=== WPReadOnly ===
Contributors: trogau
Tags: security
Requires at least: 4.5.1
Tested up to: 4.5.1
Stable tag: 4.5.1
License: GPLv2 or later
License URI: http://www.gnu.org/licenses/gpl-2.0.html

WPReadOnly allows you to quickly toggle the filesystem permissions on your WordPress install between 'read only' and 'writable'. 

== Description ==

WARNING: this is intended for more advanced WordPress users who are familiar with Linux filesystem permissions and the ramifications of changing them!

A common problem with WordPress sites is hacking. One of the major vectors is that the standard WordPress setup typically is such that files can be written to the web server's disk - commonly exploited to serve malware, spam, etc. 

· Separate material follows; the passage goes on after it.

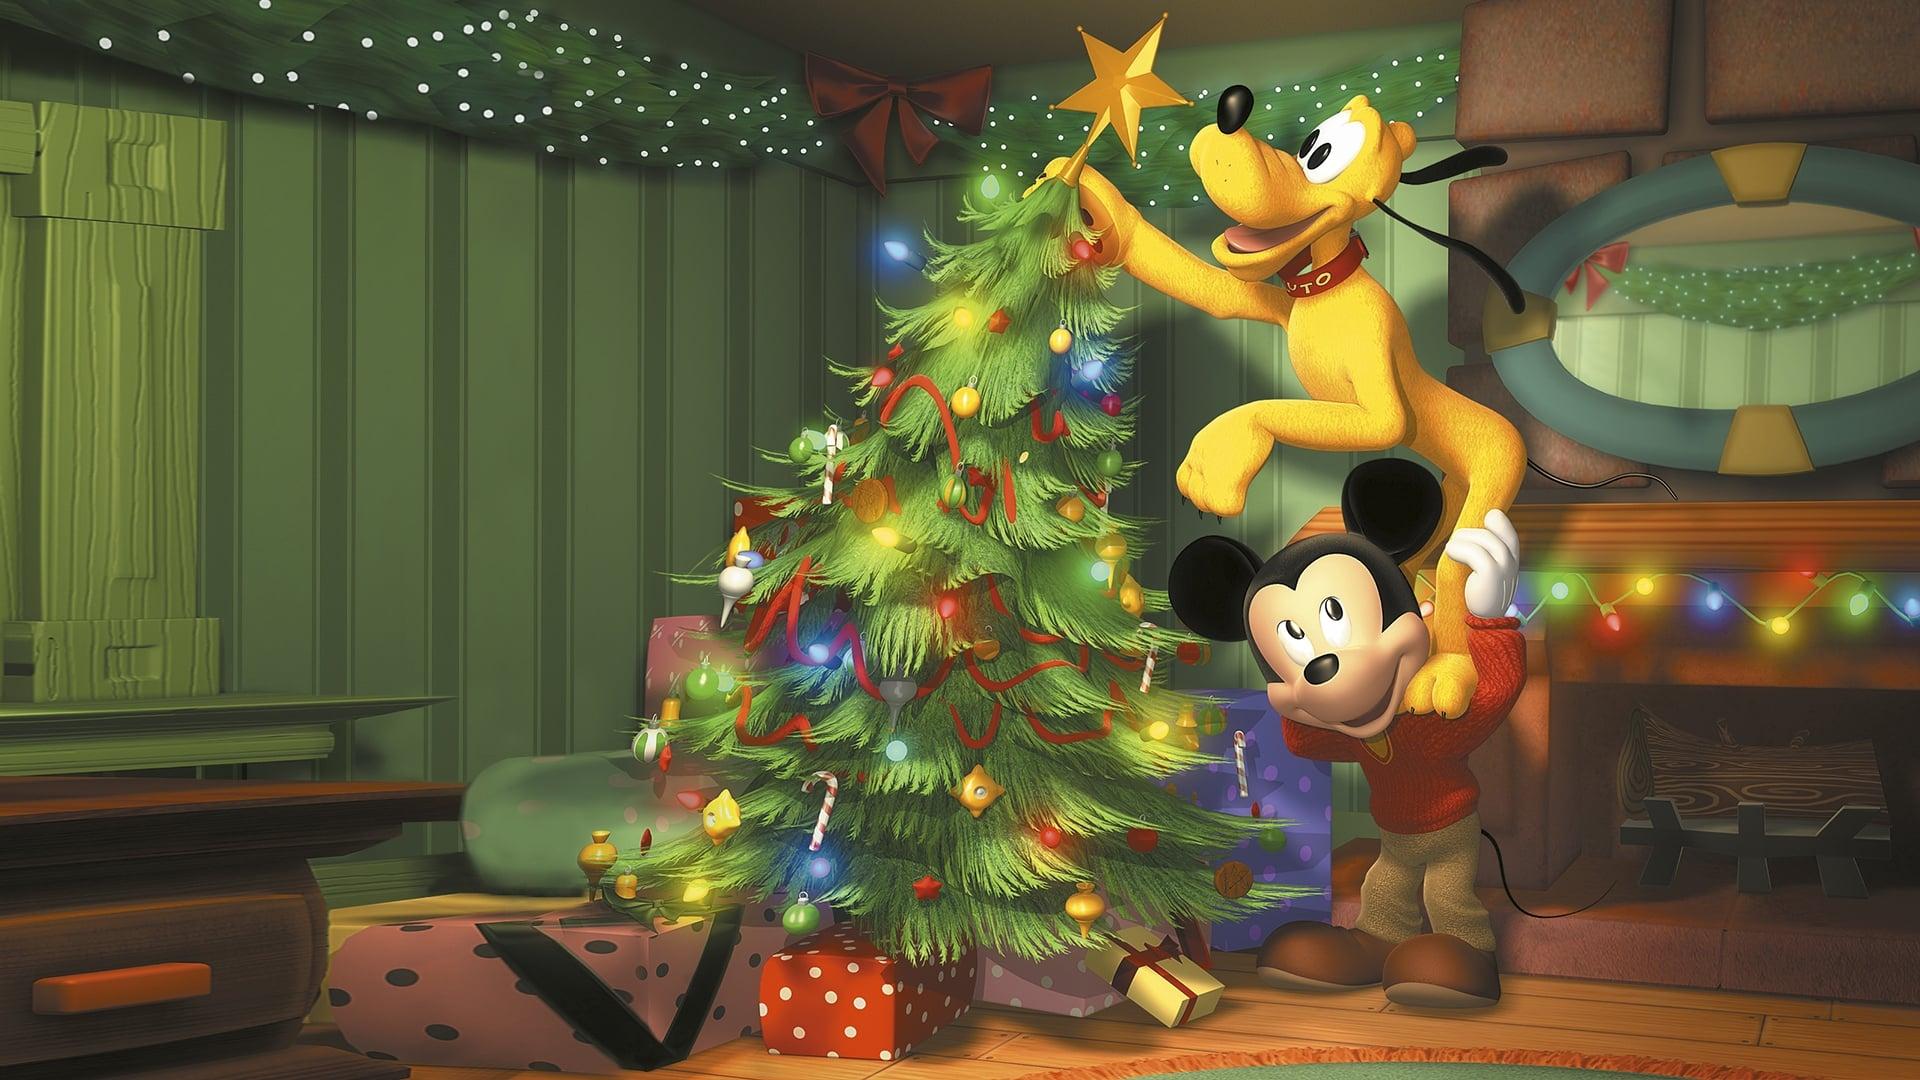 Mickey's Twice Upon a Christmas backdrop

For many implementations of WordPress, the ability to write to disk is only required when setting up and/or performing certain types of maintenance (e.g., installing themes, plugins, updates). 

It is (probably) safer, as a general rule, if the web user cannot write to disk - in the event of an exploit in the PHP application, it will mitigate some of the attacks. Attackers will no longer be able to edit the PHP files to server ads/spam/malware, or add new files to the disk. 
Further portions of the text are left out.